А ещё есть кожаная катушница с маленькими шпульками, а ещё – шкатулка с муаровыми атласными лентами, и уже потёртая вышивка по шерстяной канве шерстяными нитками, а ещё скатерть как в Екатерининском дворце в Петергофе, а ещё, а ещё, а ещё…
Стоят 3 фотографии бабушки: одна – в слоновой рамке с розами, 1911 года, для двух других, 1896 года, где бабушка – молодая невеста в платье с кринолином у зеркала. Для них я специально купила бронзовые рамки в антикварном салоне, одна даже с венецианским стеклом. Через маму я полюбила образ бабушки.
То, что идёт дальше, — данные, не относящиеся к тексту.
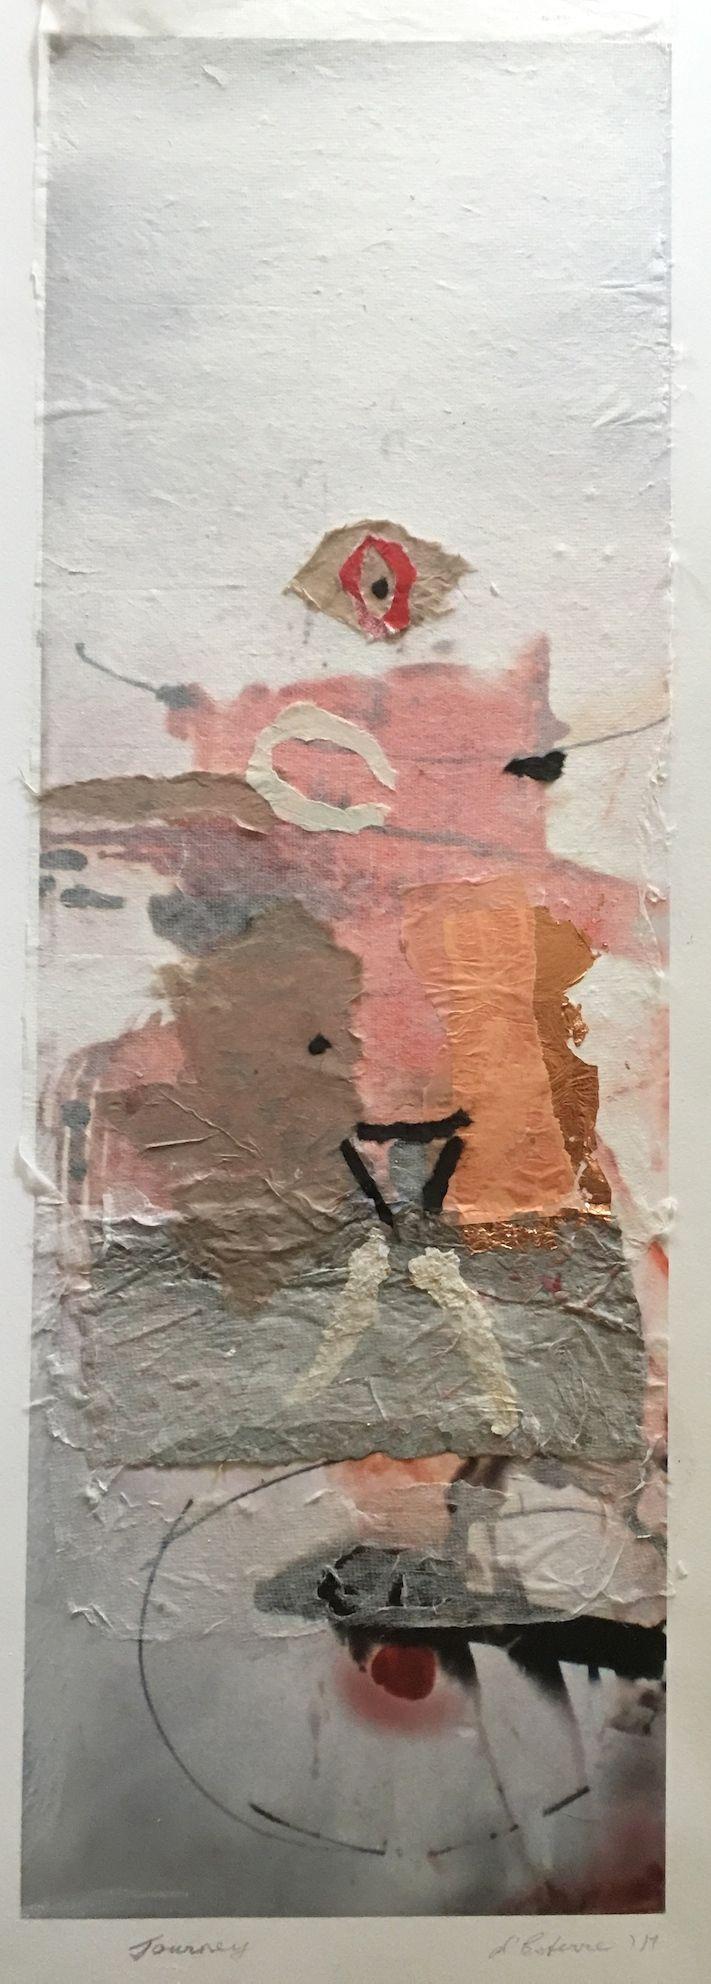 Elaine d'Esterre - Journey, 2017, digital print, collage and handmade paper, 75x25 cm. Also ART BLOG at http://elainedesterreart.com/ and http://www.facebook.com/elainedesterreart/ and http://instagram.com/desterreart/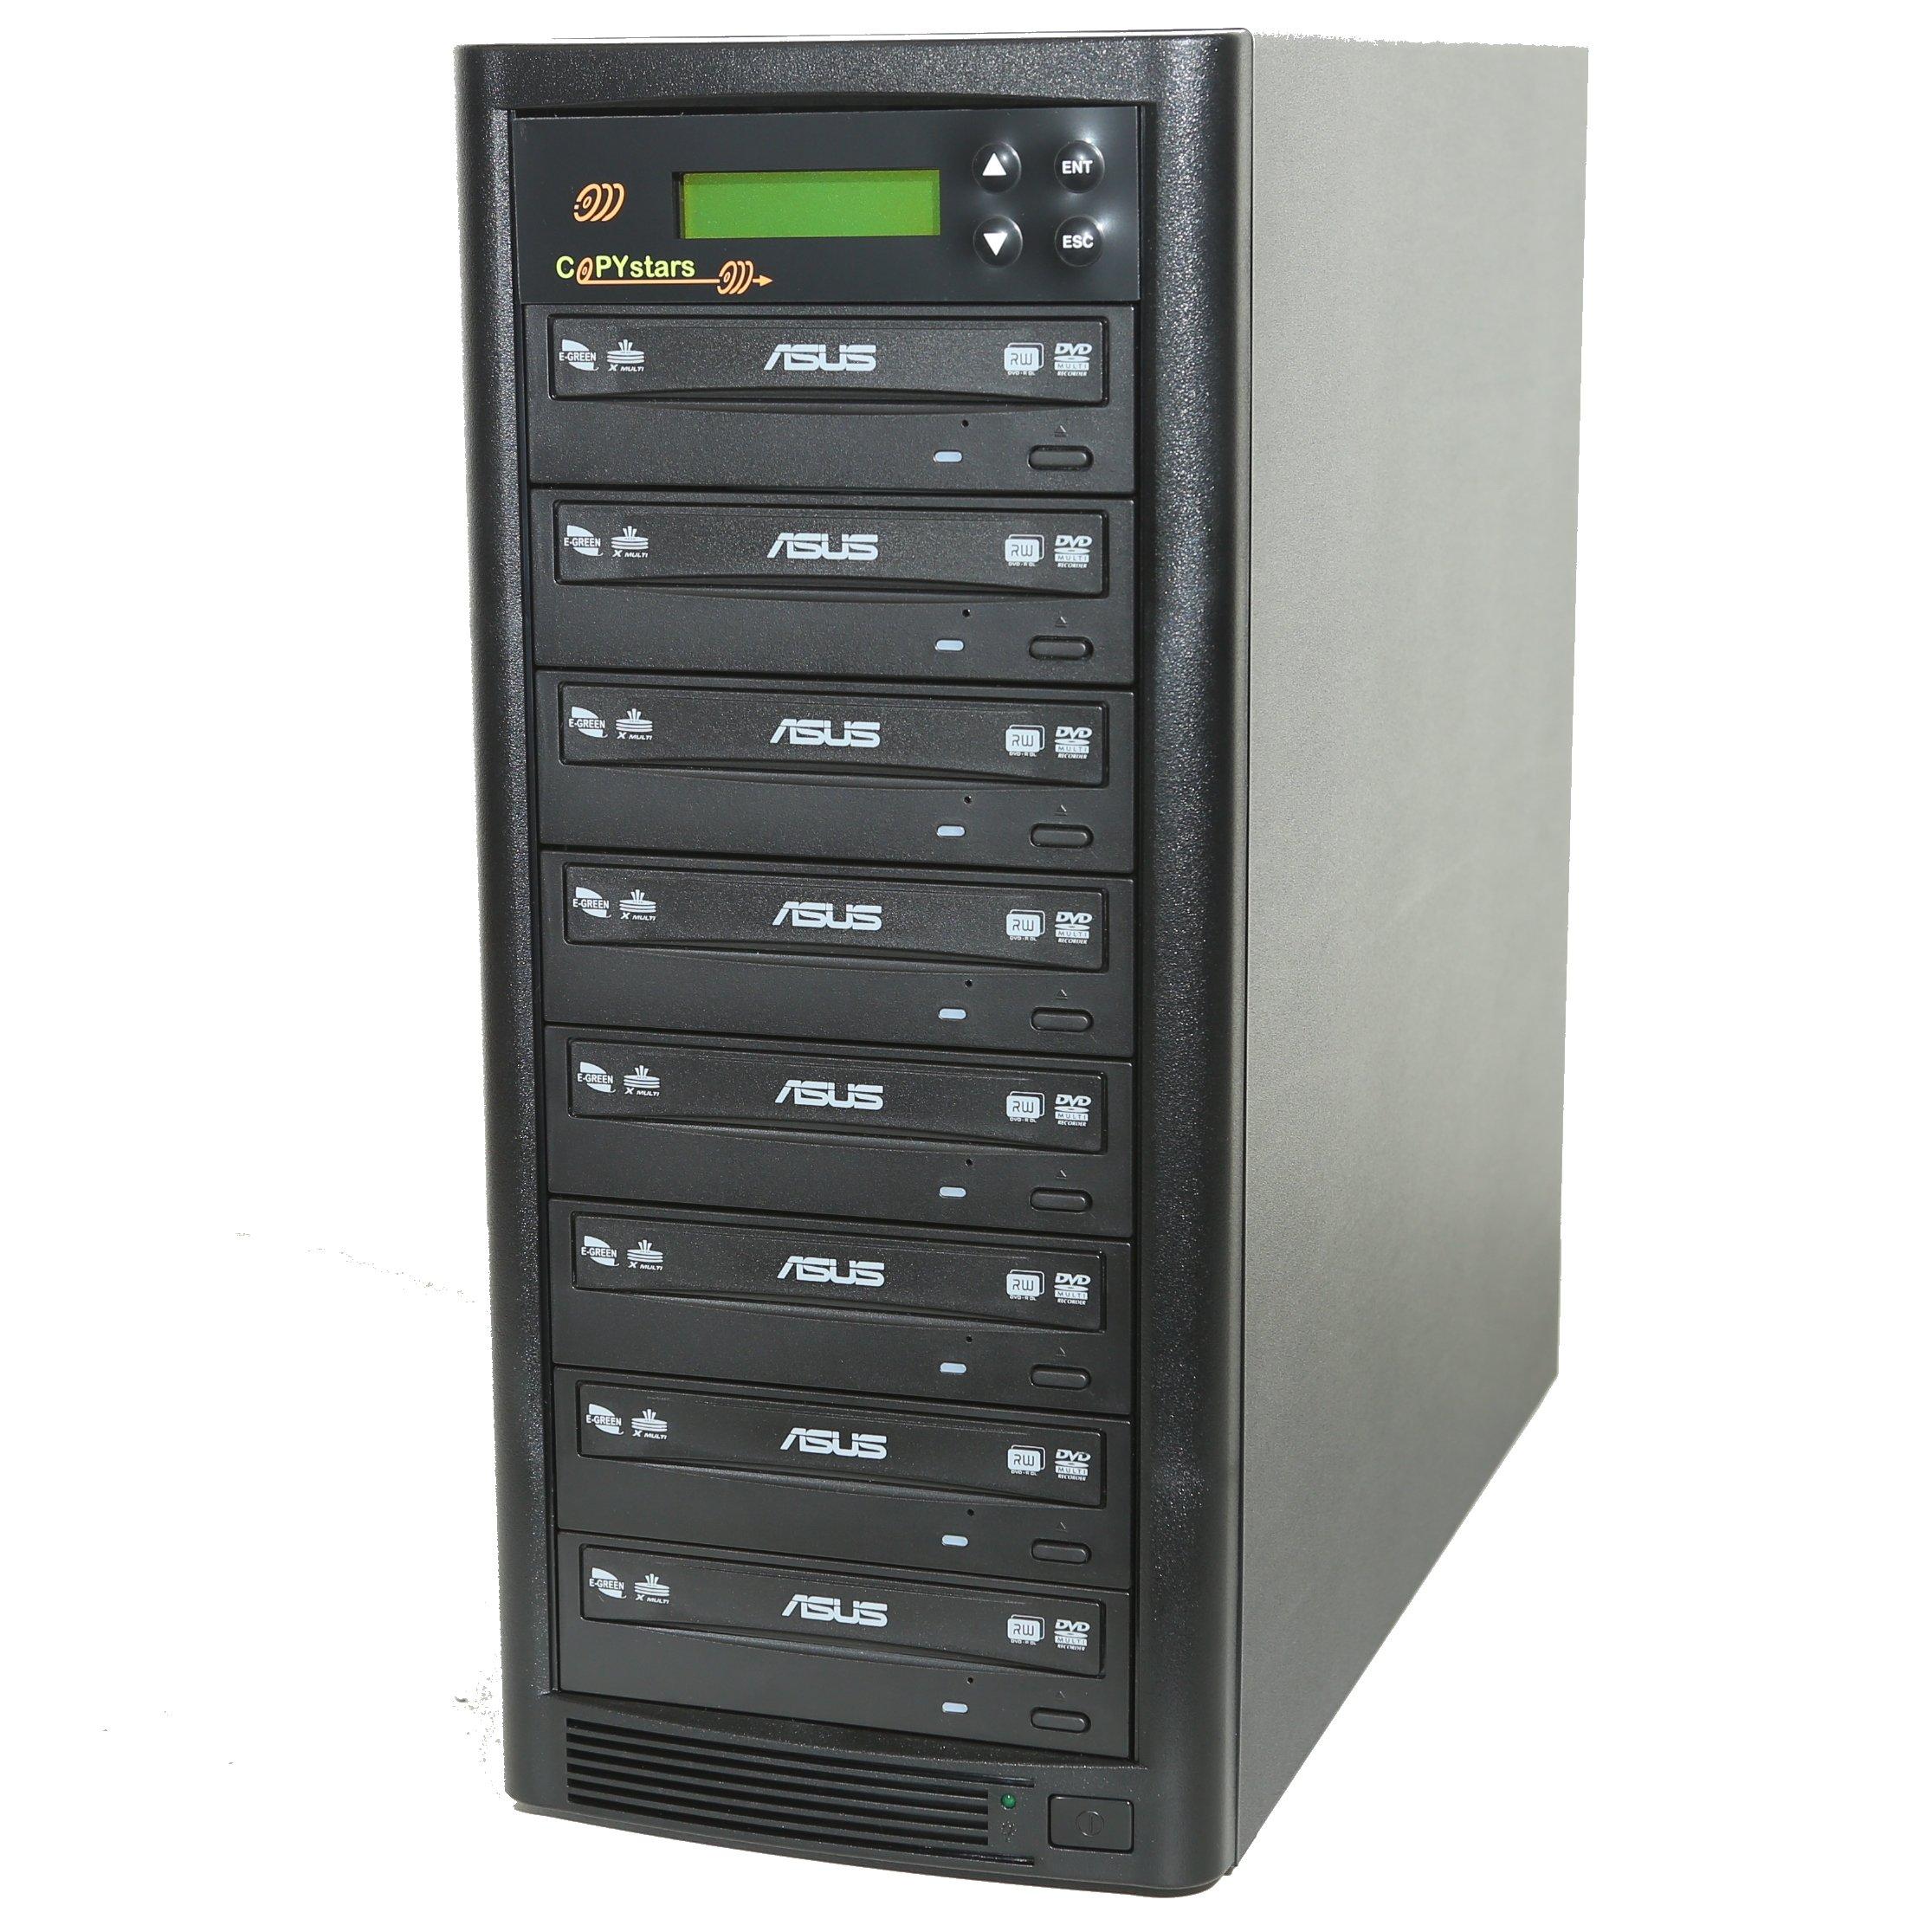 Copystar DVD Duplicator Sata 1 to 7 24X DVD-Burner Drive CD DVD Duplicator Writer Copier Tower by Copystar

Когда-то, в 1998 году, на последней странице журнала «Работница» в статье «Из бабушкиного сундука» эту шкатулку сфотографировали. А сколько я сдала раритетов в Музей Маяковского… Есть ещё другая кожаная шкатулка – катушница, с маленькими шпульками разного цвета ниток. А ещё шкатулка ручной работы с атласными лентами и листок из старинного журнала с чертежом вышивки. А вышивали и на мешковине, и на шерстяной канве, вышивали шерстью и ирисом, вышивали на вязаном шерстяном одеяле. И всё это хранится в доме (для тех, кто увлекается рукоделием). На каждой вещи вышивались инициалы. Сохранилось 2 саше с носовыми платочками, где крестиком вышито Р.Е. бабушка – девушка и Р.К. бабушка – женщина. Одно из саше в публикации журнала «Seasons» за 2004 год. А также сохранилось 2 рушника: один с монограммой Р.Е., другой – с Р.К.
ВОЙНА
Наступила война. Я с бабушкой была отправлена в эвакуацию сначала в Алатырь, потом в Йошкар-Олу Марийской АССР. Из этой жизни помню 4-5 эпизодов:
Пошли мы с мамой на базар менять запасы мыла (из Германии) на муку. И вдруг с телеги слетел петух и клюнул меня до крови в попку.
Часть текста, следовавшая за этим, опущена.